Re: [PATCH v4] parallel pg_restore: avoid disk seeks when jumping short distance forward

From: Dimitrios Apostolou <jimis(at)gmx(dot)net>
To: Tom Lane <tgl(at)sss(dot)pgh(dot)pa(dot)us>
Cc: Chao Li <li(dot)evan(dot)chao(at)gmail(dot)com>, Nathan Bossart <nathandbossart(at)gmail(dot)com>, Thomas Munro <thomas(dot)munro(at)gmail(dot)com>, pgsql-hackers(at)lists(dot)postgresql(dot)org
Subject: Re: [PATCH v4] parallel pg_restore: avoid disk seeks when jumping short distance forward
Date: 2025-10-21 13:57:31
Message-ID: 83r36or2-q8n9-6q18-np80-q9n6pr3q636q@tzk.arg
Views: Whole Thread | Raw Message | Download mbox | Resend email
Thread:
Lists: pgsql-hackers

On Tuesday 2025-10-21 00:23, Tom Lane wrote:

> HEAD repeats
>
> read(4k)
> lseek(~128k forward)
>
> which is to be expected if we have to read data block headers
> that are ~128K apart; while patched repeats
>
> read(4k)
> read(~128k)
>
> which is a bit odd in itself, why isn't it merging the reads better?

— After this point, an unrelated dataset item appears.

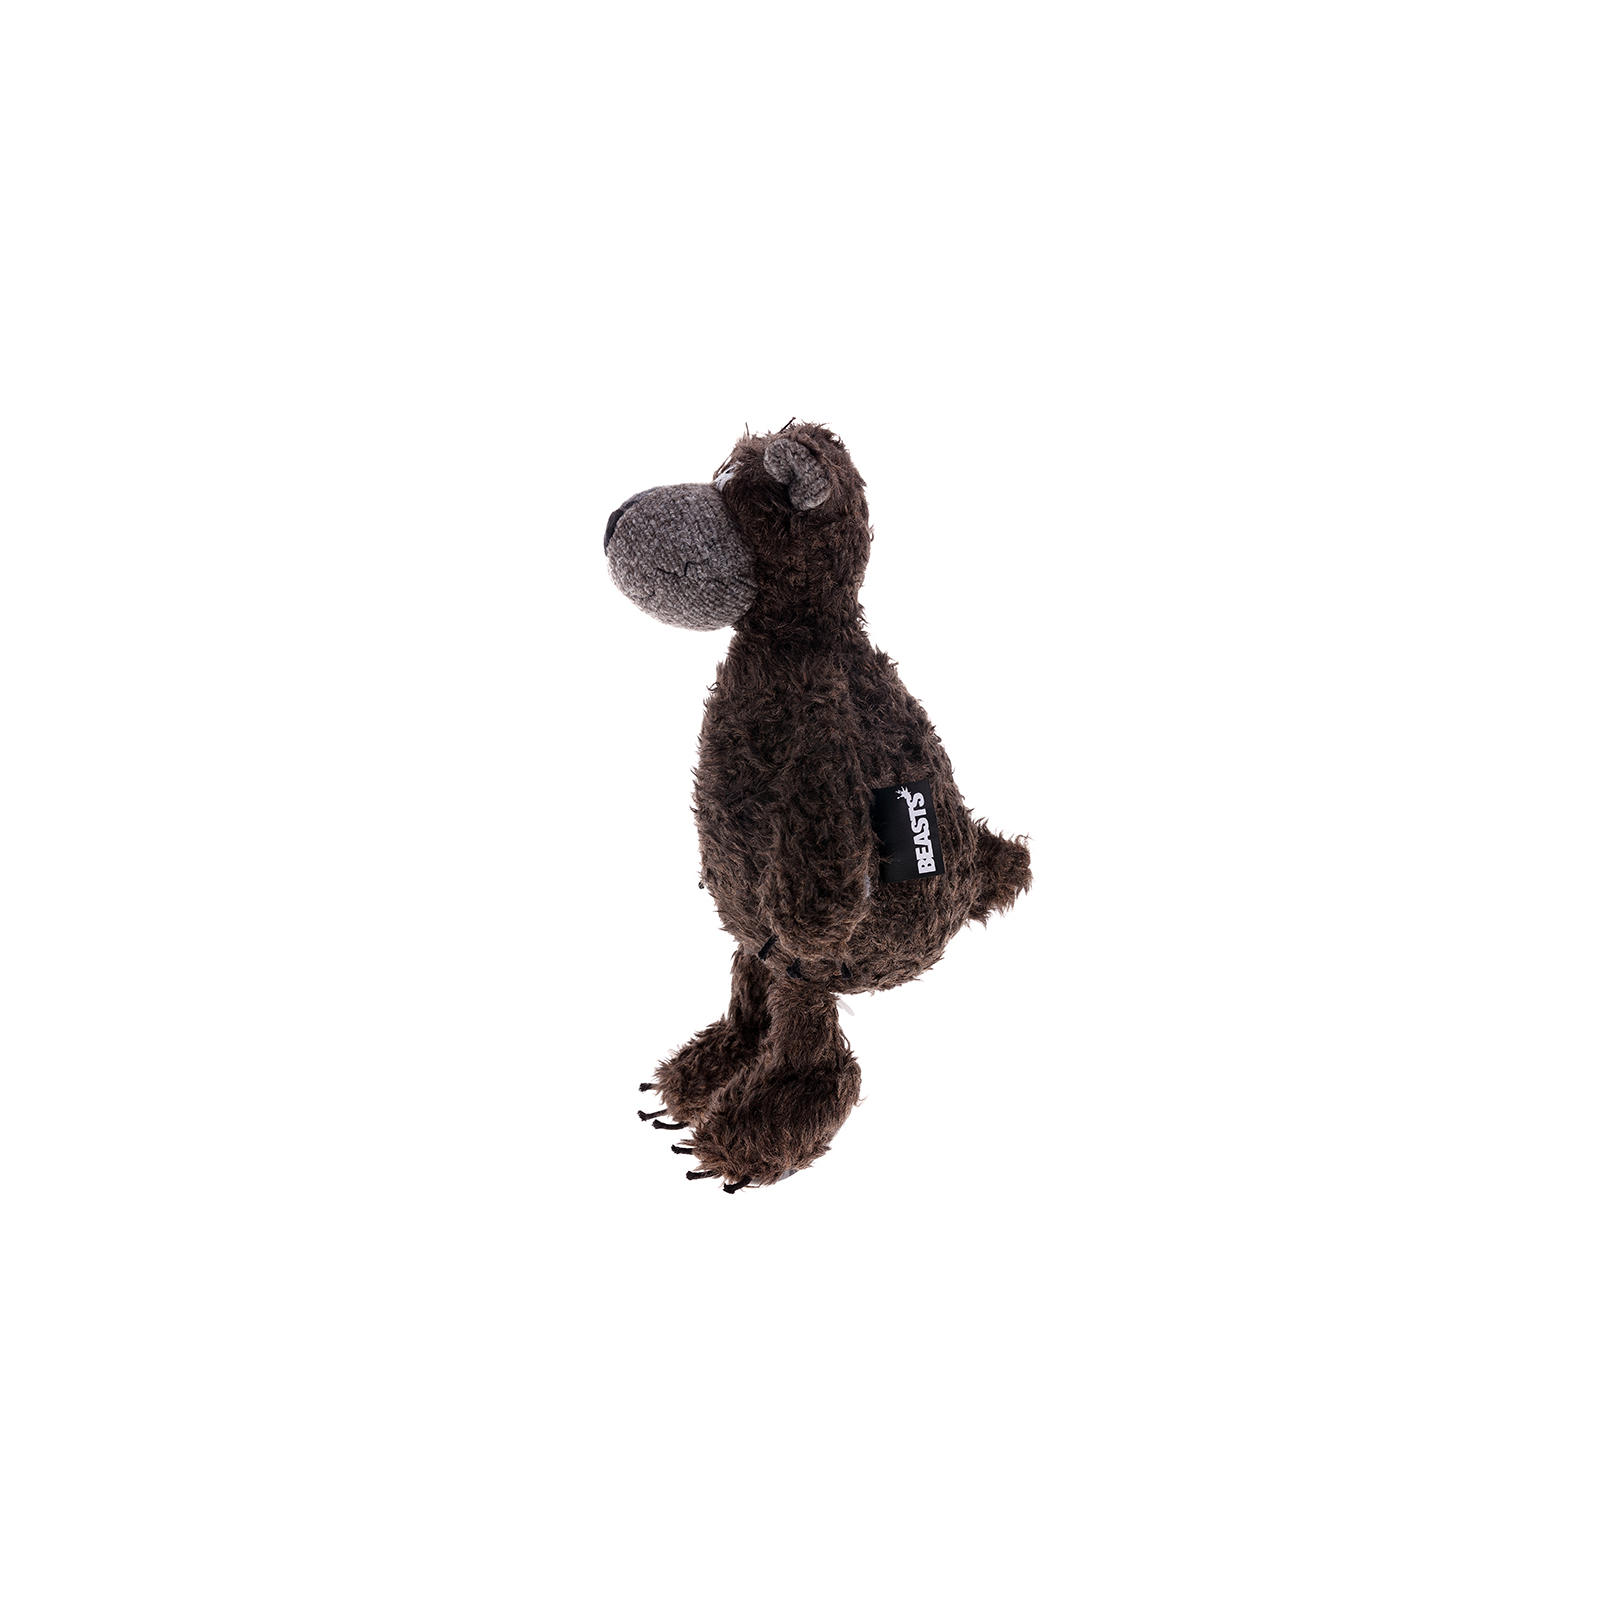 М'яка іграшка Sigikid Beasts Медведь Бонсай 20 см (38357SK) зображення 2

The read(4k) happens because of the getc() calls that read the next
block's length.

As noticed in a message above [1], glibc seems to do 4KB buffering by
default, for some reason. setvbuf() can mitigate this.

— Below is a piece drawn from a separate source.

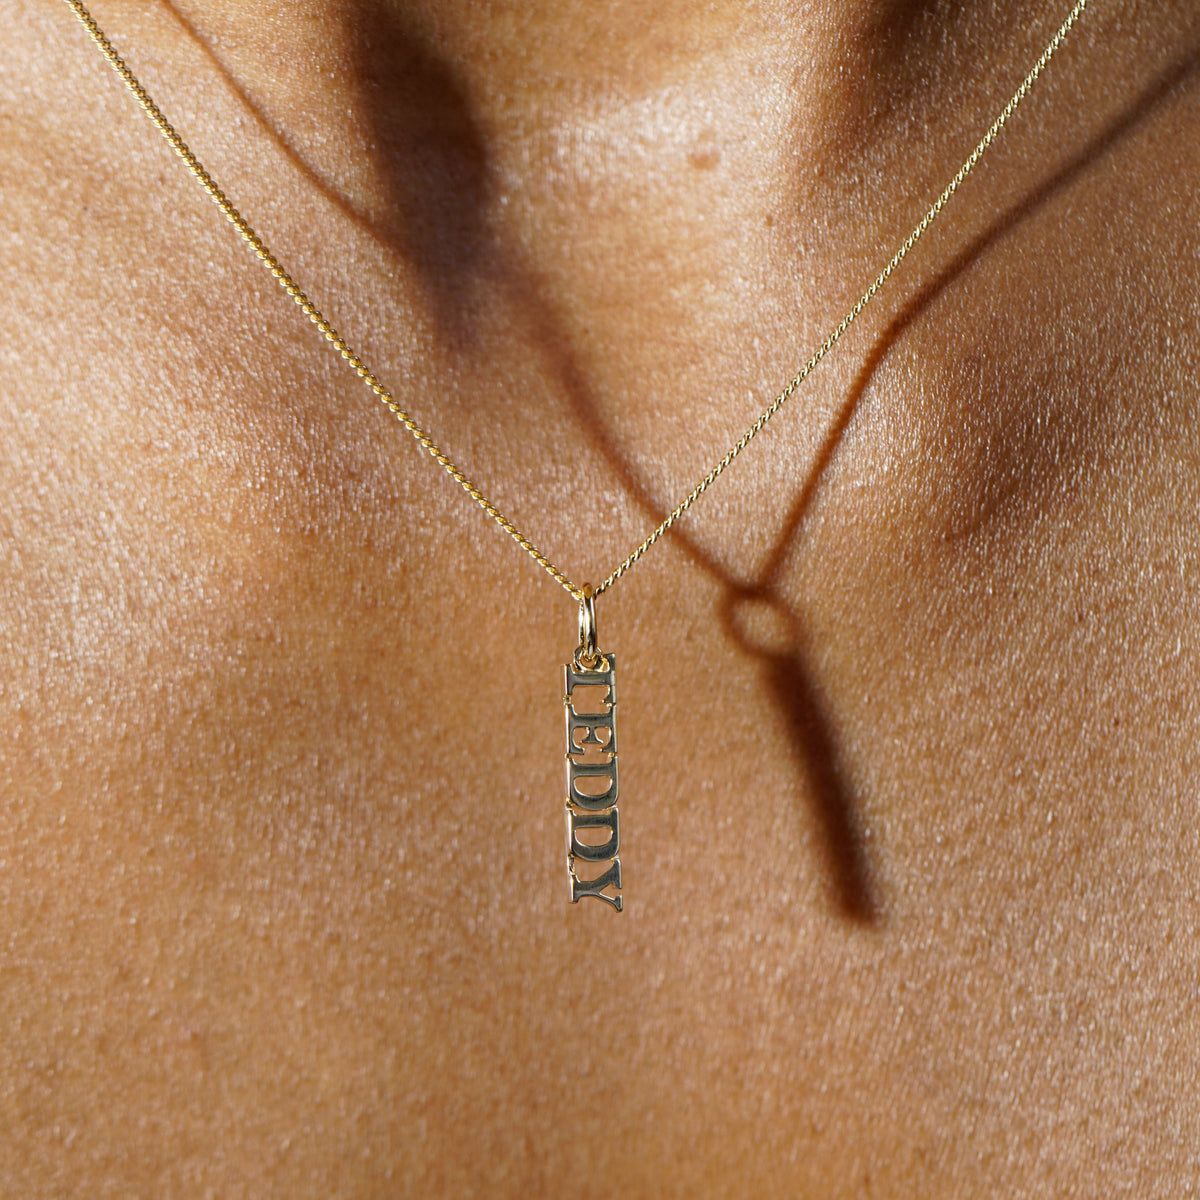 Littlesmiths Personalise Necklaces @ Selfridges Store –  thestyleartisandotcom

[1] https://www.postgresql.org/message-id/1po8os49-r63o-2923-p37n-12698o1qn7p0%40tzk.arg

I'm attaching a patch that sets glibc buffering to 1MB just as a proof
of concept. It's obviously WIP, it allocates and never frees. :-)
Feel free to pick it up and change it as you see fit.
With this patch, read() calls are unified in strace. lseeks() remain,
even if they are not actually reading anything.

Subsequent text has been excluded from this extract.